Of the three Husky's I have handled, one of them was rather easy to click and the other two required a good deal more pressure. Not enough that it would matter to an able adult, but I could see someone elderly having a hard time with them.


----------



## Hellbore (Oct 30, 2008)

adirondackdestroyer said:


> Of the three Husky's I have handled, one of them was rather easy to click and the other two required a good deal more pressure. Not enough that it would matter to an able adult, but I could see someone elderly having a hard time with them.




True true, fortunately for my Mom hers is one of the good ones, it's quite easy to operate.

Mine was never as easy as hers, even when new it felt like the guts of the switch were binding a little bit, and it got worse with more use. It feels almost like an issue of friction. I wonder if some silicone grease injected into a tiny pinhole in the rubber button cover would help? I could use one of the grease syringes I use to grease my fishing reels.


----------



## LeeG (Oct 31, 2008)

I picked up one of these last night and just in a casual test it was brighter than my Mag 3 with malkoff dropin.

Ugly as sin though. It'd be a good self-defense item though - just shine a light on it and the ugliness would stop someone cold.


----------



## H.I.D. (Oct 31, 2008)

adirondackdestroyer said:


> Of the three Husky's I have handled, one of them was rather easy to click and the other two required a good deal more pressure. Not enough that it would matter to an able adult, but I could see someone elderly having a hard time with them.



My switch was hard as [email protected]#!. So what I did was pull off the rubber cover, reach under it and pull out the plastic ring that is supposed to stiffen it. Replaced cover and ahhh, much better. 

On another note, I actually like the design. Looks like one of those HID lights, you know something like a Boxer except with a silver head. It has a nice heft.


----------



## BabyDoc (Nov 5, 2008)

The switch on my Husky 2D is a bit inconsistent in the momemtary mode. It doesn't always work right. On occasion, I will press down for momentary and nothing happens, or it flickers. Is my switch faulty? Yet it consistently clicks on and off with a moderate amount of pressure. 

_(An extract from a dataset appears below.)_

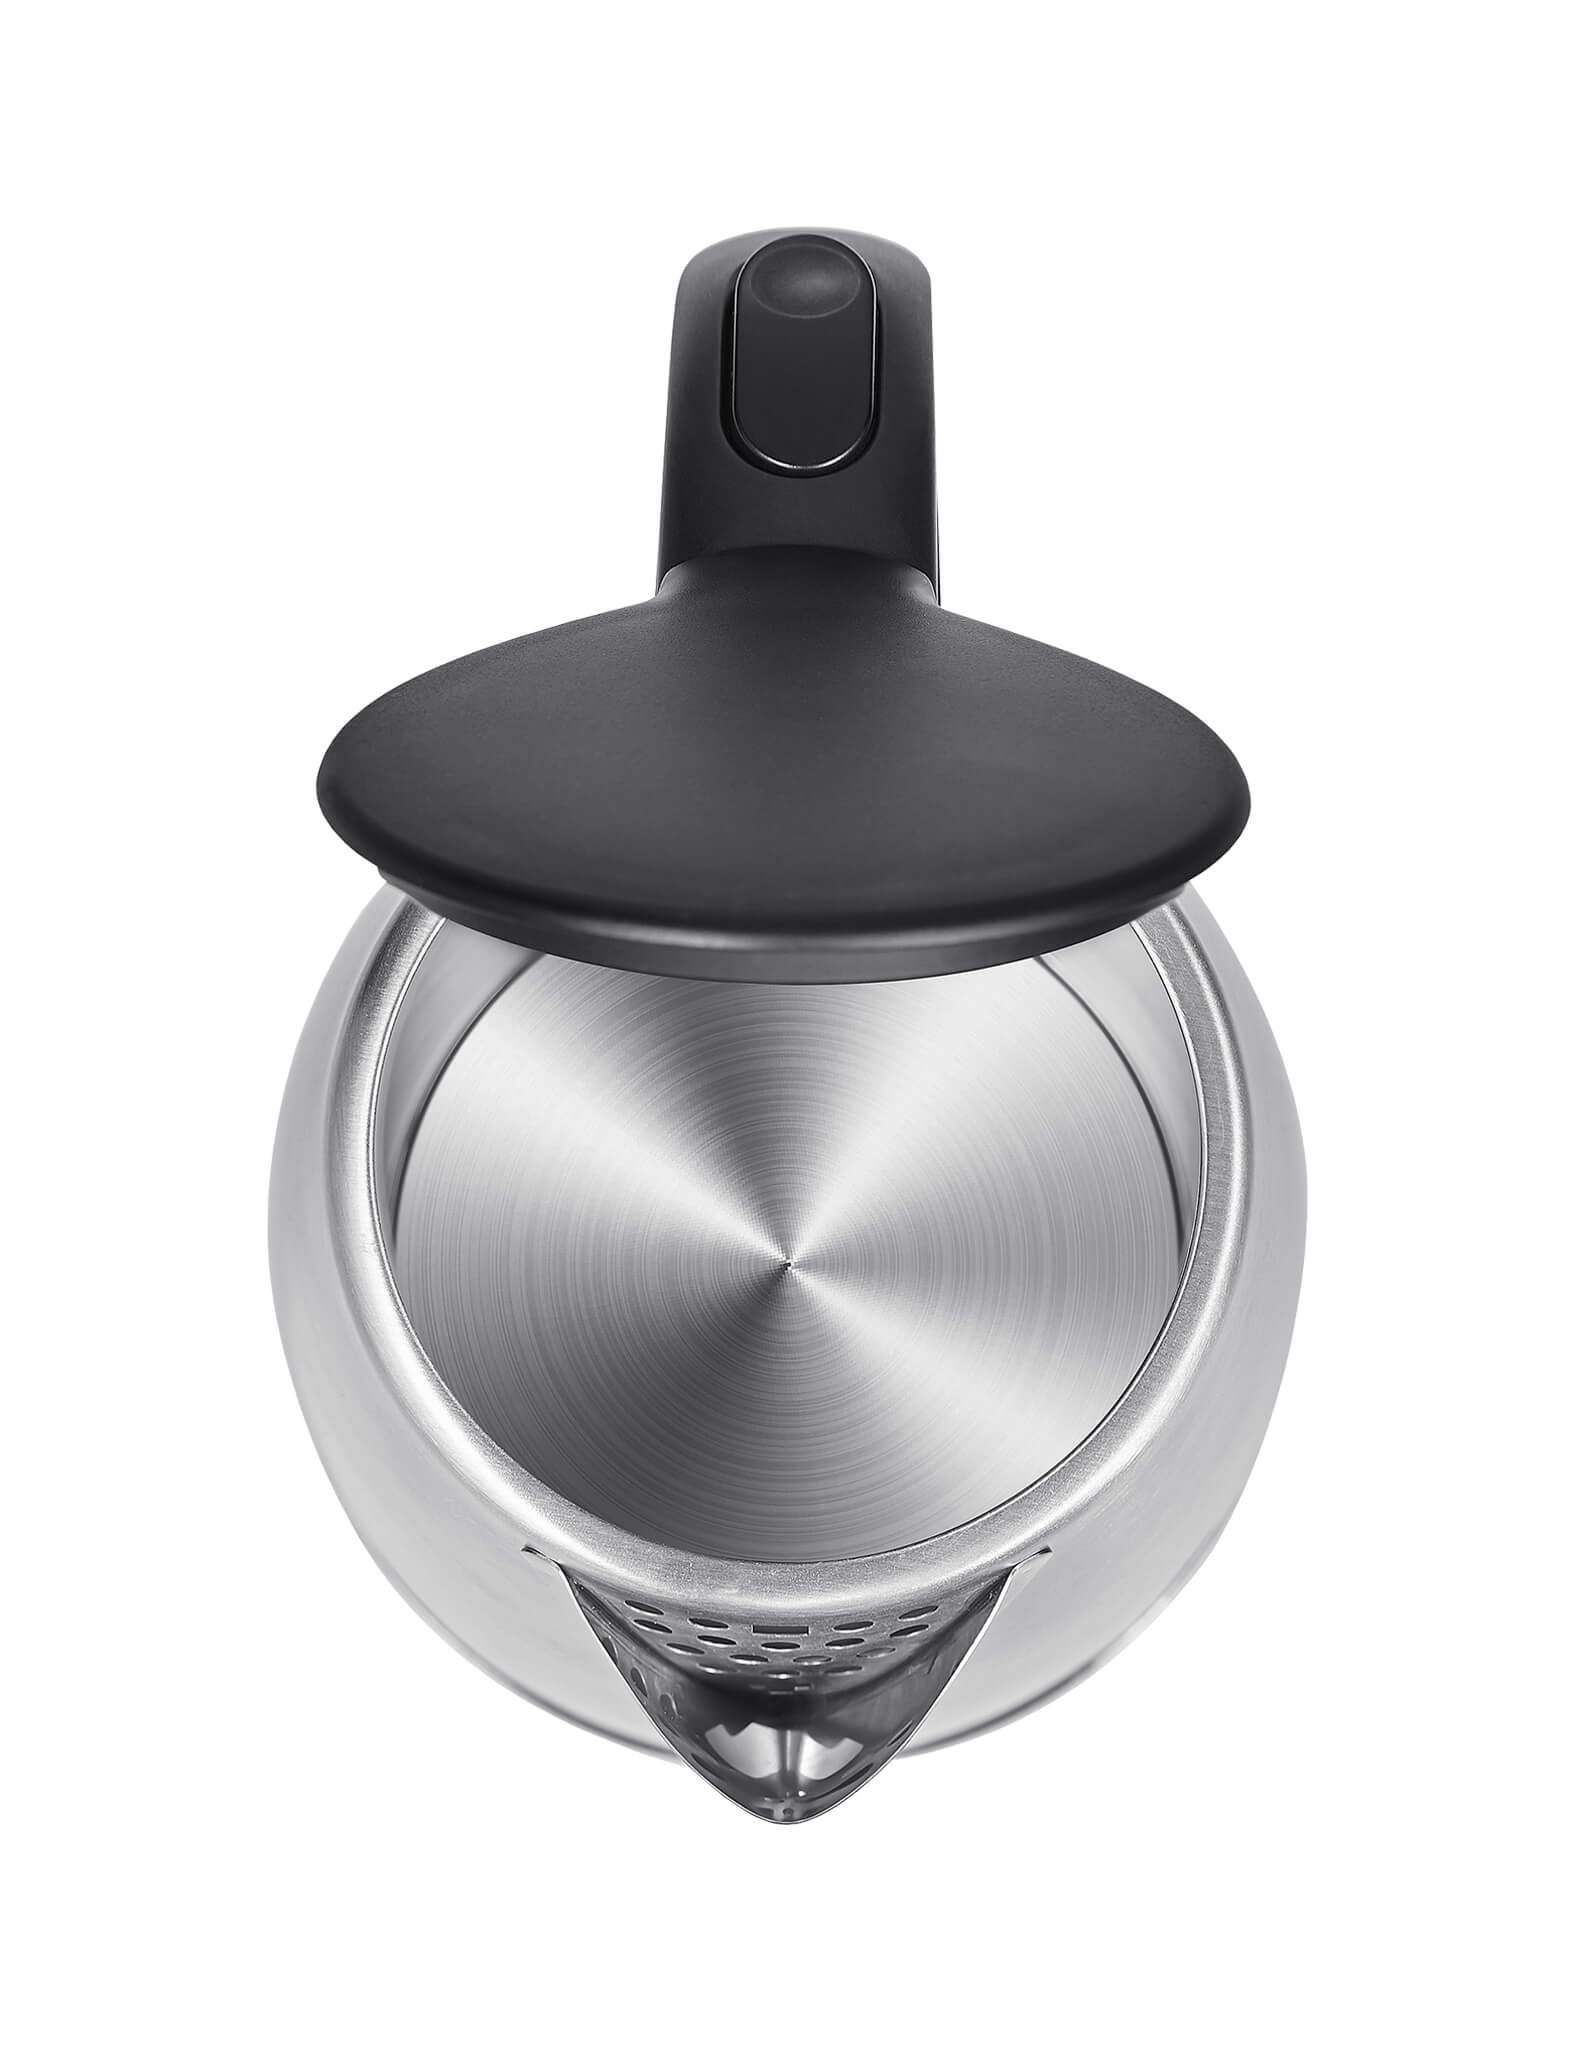 Top view of stainless steel comfee tea kettle

I would exchange the light because of the possible faulty switch, except I am otherwise happy with it. My LED is almost perfectly centered and the tint is a nice warm off white, almost yellow color. It does have the dark donut around the hot spot, and a couple of concentric yellow cree rings, but its beam looks better than some of the beam shots of other samples that have been posted here. It blows away my Fenix TK10 for throw and tightness of hotspot. This isn't too surprising considering the TK10 doesn't have a polished reflector, but considering the manufacturer lumen ratings are similar and the Husky is 1/3 the price of the TK10, the Husky is a real bargain.


----------



## adirondackdestroyer (Nov 5, 2008)

BabyDoc said:


> The switch on my Husky 2D is a bit inconsistent in the momemtary mode. It doesn't always work right. On occasion, I will press down for momentary and nothing happens, or it flickers. Is my switch faulty? Yet it consistently clicks on and off with a moderate amount of pressure.
> 
> I would exchange the light because of the possible faulty switch, except I am otherwise happy with it. My LED is almost perfectly centered and the tint is a nice warm off white, almost yellow color. It does have the dark donut around the hot spot, and a couple of concentric yellow cree rings, but its beam looks better than some of the beam shots of other samples that have been posted here. It blows away my Fenix TK10 for throw and tightness of hotspot. This isn't too surprising considering the TK10 doesn't have a polished reflector, but considering the manufacturer lumen ratings are similar and the Husky is 1/3 the price of the TK10, the Husky is a real bargain.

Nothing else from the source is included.